По этому разговору трудно было что-то наверняка заключить. Слово «большие» обозначало, что разговор шел о нескольких бомбах, но то, что они пудовые, было явно плодом полицейской фантазии. А раз полицейская фантазия сделала бомбы пудовыми, то она с таким же успехом могла одну превратить в сто. Но нужно выбирать худшее из всех предположений.

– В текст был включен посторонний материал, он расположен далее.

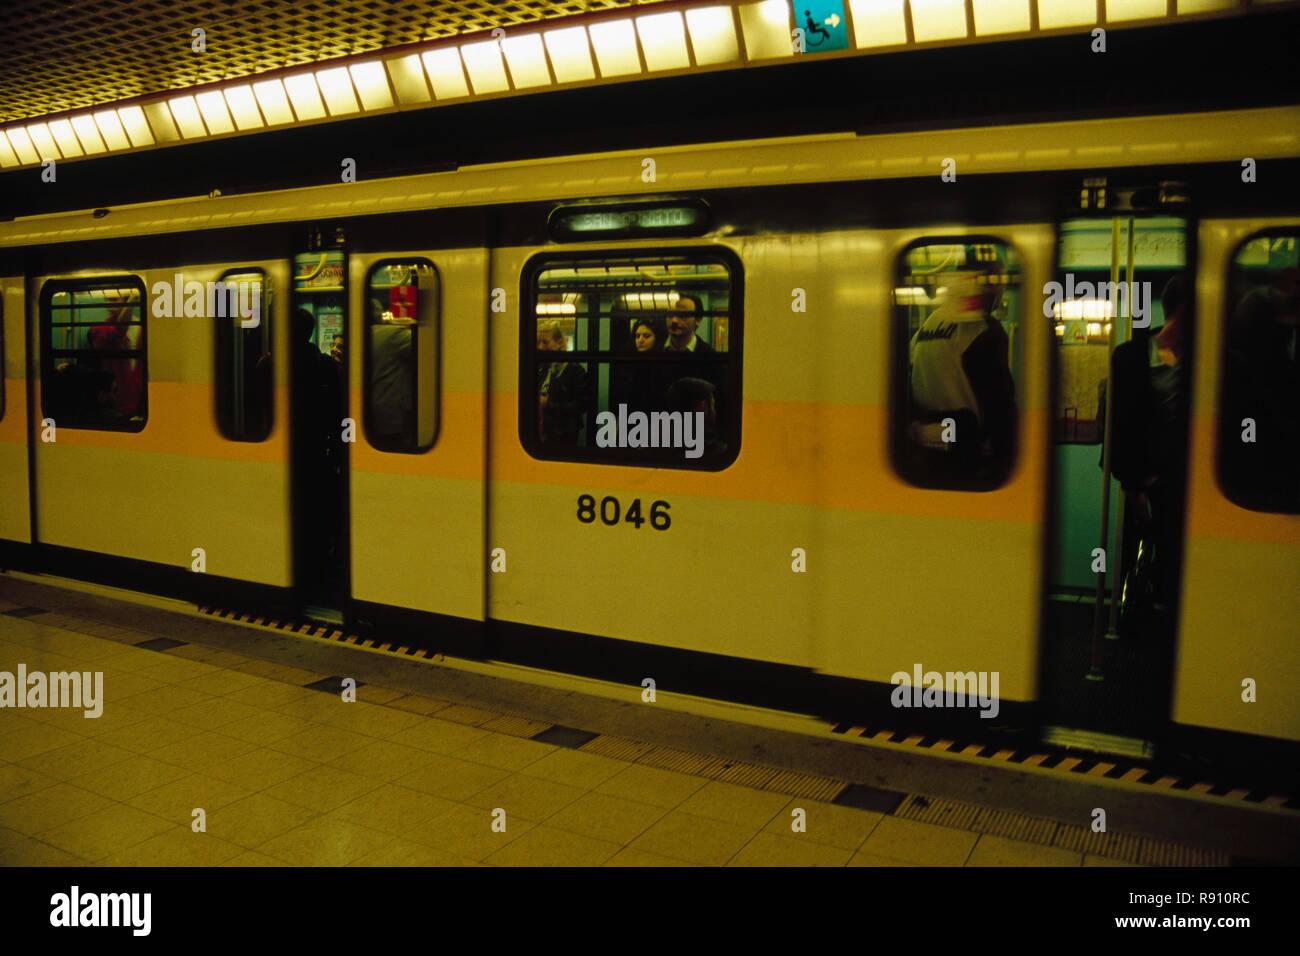 underground metro railway station platform, yellow line, milan, italy - Stock Image

Положим, арестованы все. Что в таком случае говорить следователю, который не замедлит вызвать его? И точно: не успел он перебрать несколько вариантов, как за ним пришли. Провели его уже в другой кабинет, к капитану Иванову. Высокий, с прыщеватым лицом капитан встретил его с казенной полицейской любезностью, пригласил сесть. Но капитану ничего не удалось добиться от Осипанова. Показание его было кратким, выдержанным, в нем он признавал только то, что никак нельзя было отрицать. Он написал: «Я… не отвергаю того, что сего числа я задержан с метательным снарядом… С какой целью я имел этот снаряд, от кого, когда и где получил таковой, я в настоящее время объяснять не желаю…»
Первого марта был воскресный день. Погода стояла солнечная, весенняя. Аня, испытывая постоянную тревогу за Сашу, собралась утром идти к нему. Но к ней зашла Шмидова и сказала, что она была уже у Александра Ильича и не застала его дома. Появился Марк Елизаров, и они втроем пошли побродить по городу. Шмидова вскоре оставила их, но разговор у Ани со своим спутником все равно не вязался: ее не покидала тревога за брата. Куда это он так рано ушел? Какие у него дела в воскресенье? Раньше он в свободные дни всегда утром приходил к ней…
Аня вспомнила, как отец наказывал ей: «Береги Сашу!» Как мать о том же просила ее. Но как же она может уберечь его от чего-то, если он все таит от нее? Вот в среду она зашла к нему и застала у него какое-то собрание. Таких людей она никогда не видала до сих пор, хотя и знает всех его знакомых. Саша вышел с нею в другую комнату, не скрывал, что занят. Аня, видя, что помешала, поспешила уйти. Она не могла понять, что происходило у Саши, но одно ей было ясно: он не хотел ее посвящать в эту тайну.
Вернувшись с прогулки домой, Аня спросила хозяйку, не заходил ли брат, и, узнав, что он не появлялся, принялась ждать его. Идти к нему она не решалась — еще помешает! — да и боялась разминуться в дороге. Время шло, а Саши все не было. Что же с ним могло случиться? Ведь она вчера встретила его на улице, и он обещал, что зайдет. Слово он всегда держал твердо.
Прождав весь день, Аня не вытерпела и вечером побежала к брату. Она еще издали увидела, что окна его квартиры ярко освещены, и обрадовалась: значит он дома, значит с ним ничего не случилось! Она вбежала по лестнице, нетерпеливо позвонила. Дверь мгновенно открылась, и она увидела: в комнатах все перевернуто, во всех углах роются полицейские. У Ани сердце оборвалось: случилось то, чего она боялась! Но, может, обыск ничего не даст? Саша ведь такой осторожный… Да, но где же он сам? Или они нагрянули, когда он вышел из дому? Может, он сейчас как раз у нее? Как бы его тогда предупредить?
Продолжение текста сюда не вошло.